Luckily, there are software solutions to help you manage the data. Let's look at some of the concepts behind these solutions and some proven techniques for making the best use of the resulting data displays.
Alternating messages through interleaving
Displaying song artist and title data is good, but for the entire duration of every song, this seems like overkill. This is where the concept of interleaving comes in.
Figure 1. Data interleaving example for a 3-minute song. Click to enlarge.
Interleaving is the process of rotating two or more messages at a time. Interleaving allows a station to display program associated data (PAD) such as title and artist, and to display non-PAD data such as programming notes, promotional information, weather and traffic updates, advertiser information and more. Interleaving can do more for a station than any other single data upgrade, and because it's all managed by software, it can be easy to do. Figure 1 shows how interleaving is applied as a song is played.
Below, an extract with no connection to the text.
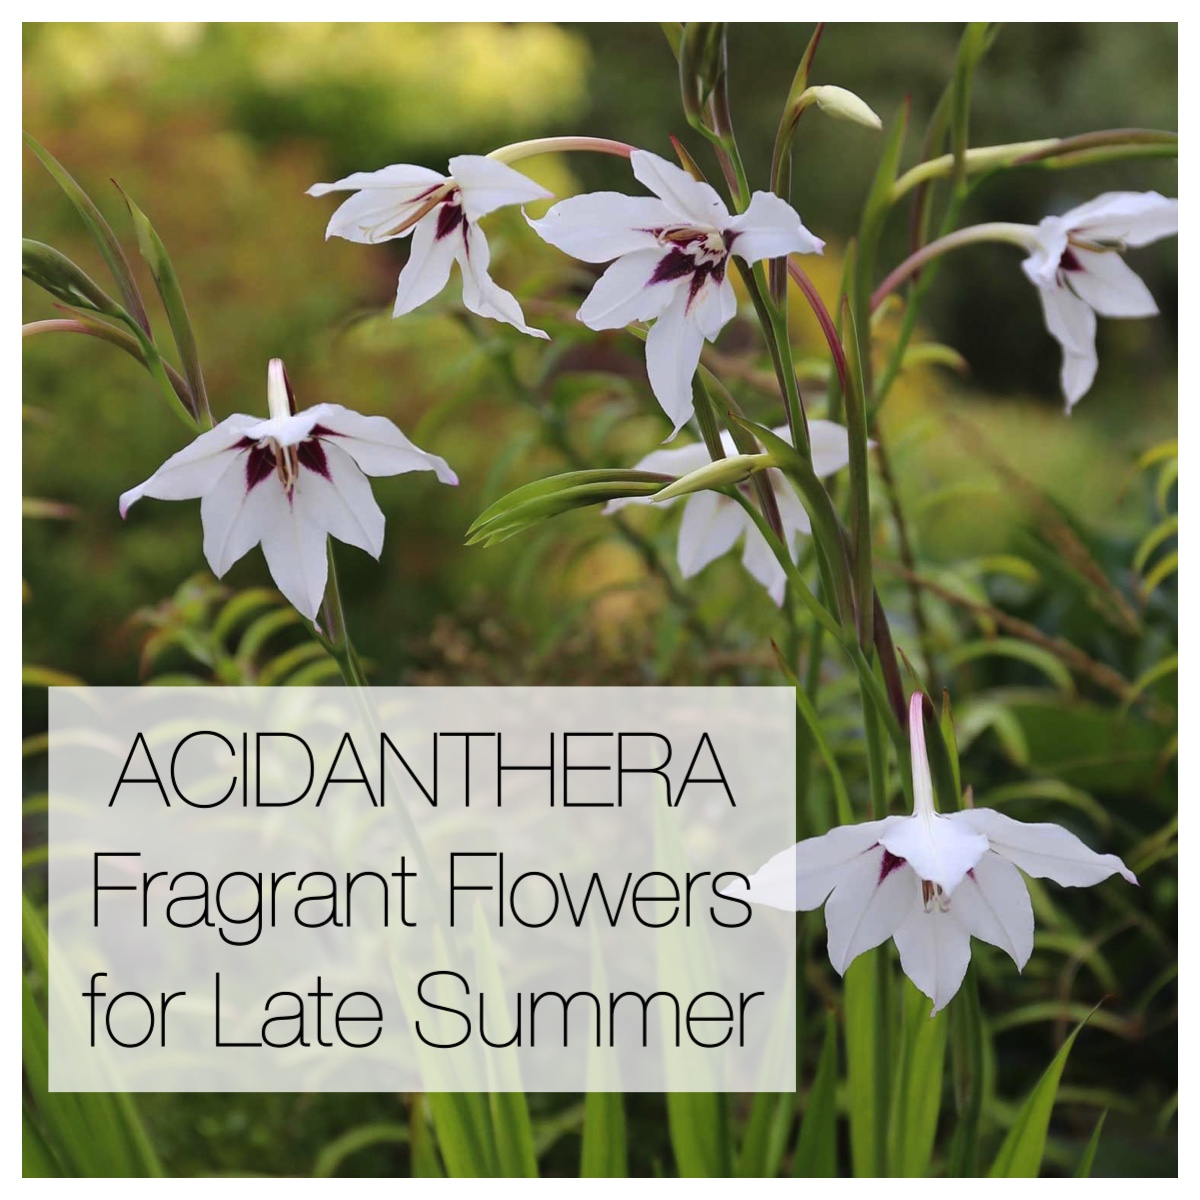 Acidanthera: Fragrant Flowers for Late Summer

Keep in mind that any data strategy beyond scrolling title and artist will require the kind of management tools found only in good datacasting software, software that can synchronize what's being aired with what's being displayed. Also, most good datacasting systems will allow some form of date- and time-sensitive message scheduling. More advanced systems work in much the same way that music scheduling software works and even allow categorizing of messages. This opens up the ability to do such things as schedule more traffic information in the morning, more weather data in the afternoon and more sports scores in the evening.
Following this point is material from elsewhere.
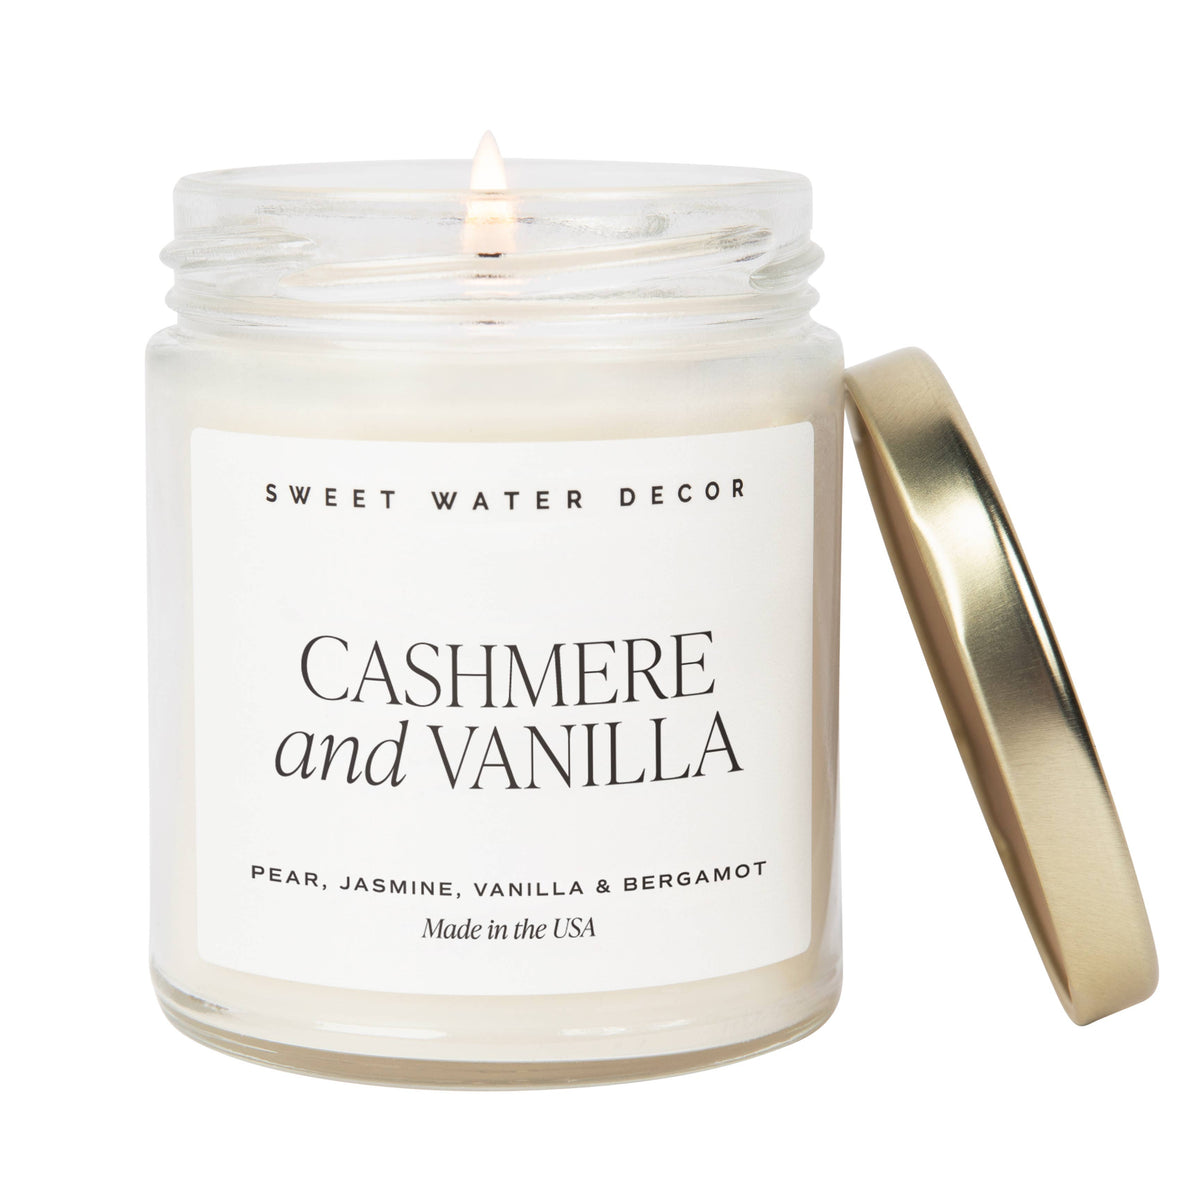 Cashmere and Vanilla 9 oz Soy Candle - The Preppy Bunny

Linking data to audio events
Event linking is another practice that can open up datacasting possibilities for a station. When datacasting software receives event data from the automation system, this data is generally limited; it's static and usually specific to that cut. Event linking allows that data to become more dynamic by linking alternate or additional text to a specific cut from the automation system. For example, when a Taylor Swift song plays, the data display could read "Taylor Swift in concert this Thursday, tickets still available." Linking messages to specific cuts allows a station to have more control over what information is displayed for each cut and to frequently update that information with enhanced data.